此文是閒時所寫,沒有什麼目的,也不能說沒有任何目的,可能是為了幫助自己回憶起某些東西,有些記憶必須要打成字它們才會顯形。

我小時候看電影的機會不多,有印象的更少,這個小時候指的是十歲以前吧。現在回想,能想起來一部《雙龍會》,一部《父子老爺車》,我的記憶裡這兩部電影是同一天看的,不知道那天我的父母為什麼突然如此需要消遣,平時幾乎從來不看電影的家庭,一天看了兩部電影,好像晚上還在飯館吃了飯。這兩部電影我都特別喜歡,故事情節和很多表演我一直沒有忘記,我還記得從電影院出來,我就模仿成龍在地上翻了一個跟頭,然後狠狠地摔了一跤。另一部我有印象的電影是學校組織我們看的《賭俠1999》,劉德華和朱茵演的,那時候很多電影都是學校組織看的,也不知道看什麼,突然下午宣佈看電影,一群孩子就被趕著向電影院走去。路上說說笑笑,到了電影院坐下,老師突然喝了一聲「把嘴閉上」,電影院馬上鴉雀無聲,電影就放了起來。《賭俠1999》裡有一段親熱戲,朱茵扮演的人物穿了一個鉛的還是鐵的胸罩,劉德華抬起頭來嘴唇是黑的,這把我們看傻了,並沒有像有些電影裡演的,影院裡的壞小子會吹起口哨,電影院裡出奇地安靜,好像每個人都怕別人注意到自己。我個人最大的感受是尷尬,因為有老師和大人在,實在讓人覺得羞臊,同時我也明白了一個道理,電影這東西不光是看,跟誰一起看也很重要。再回想,就出現了看電影的斷層,似乎初中三年就沒進過電影院,除了在電視上看過《新龍門客棧》和《精武英雄》這種,劃時代的《泰坦尼克號》上映的時候我也沒有去電影院看,因為電影票後來實在炒得太貴了。
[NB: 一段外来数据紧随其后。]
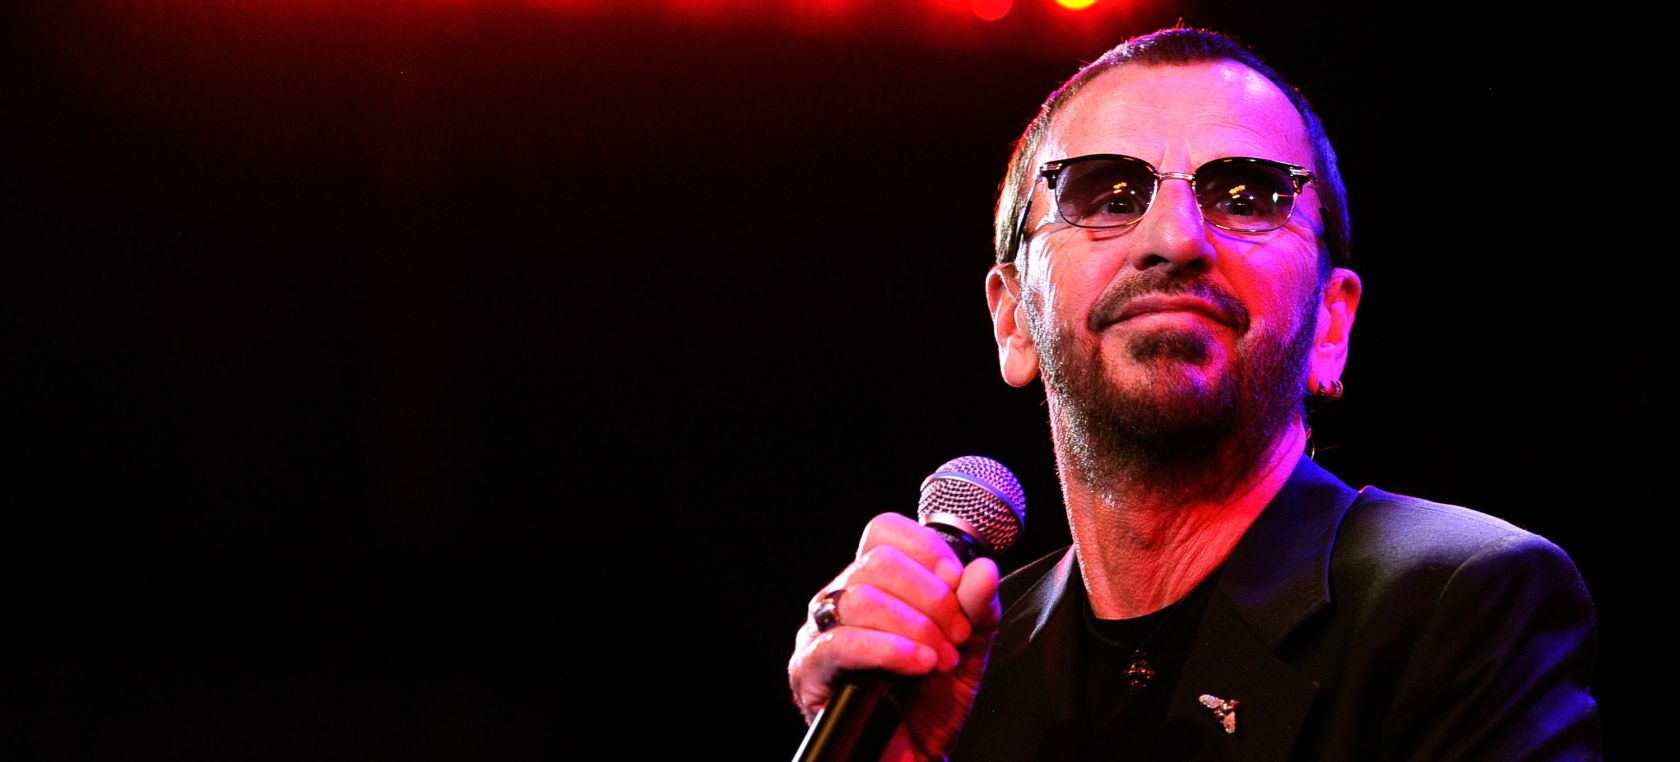 El arrebato de Ringo Starr: “No más cartas de fans… serán arrojadas a la basura”

高中時我們學校旁邊有一家電影院,就在一條商業街的凹處,有時候週末在學校踢完球,會跟幾個朋友去看電影,但是不知為啥,看過的很多好萊塢電影全都忘記了,倒是記得一部中國電影叫《藍色愛情》,是袁泉和潘粵明演的,這兩個演員當時我一個也不認識,等於是看兩個陌生人的故事,到最後袁泉好像是站在一座橋上,風吹動著她的裙子,旁邊圍著不少人,她跳沒跳下去我忘了。整個電影瀰漫著一種似真似假的東西。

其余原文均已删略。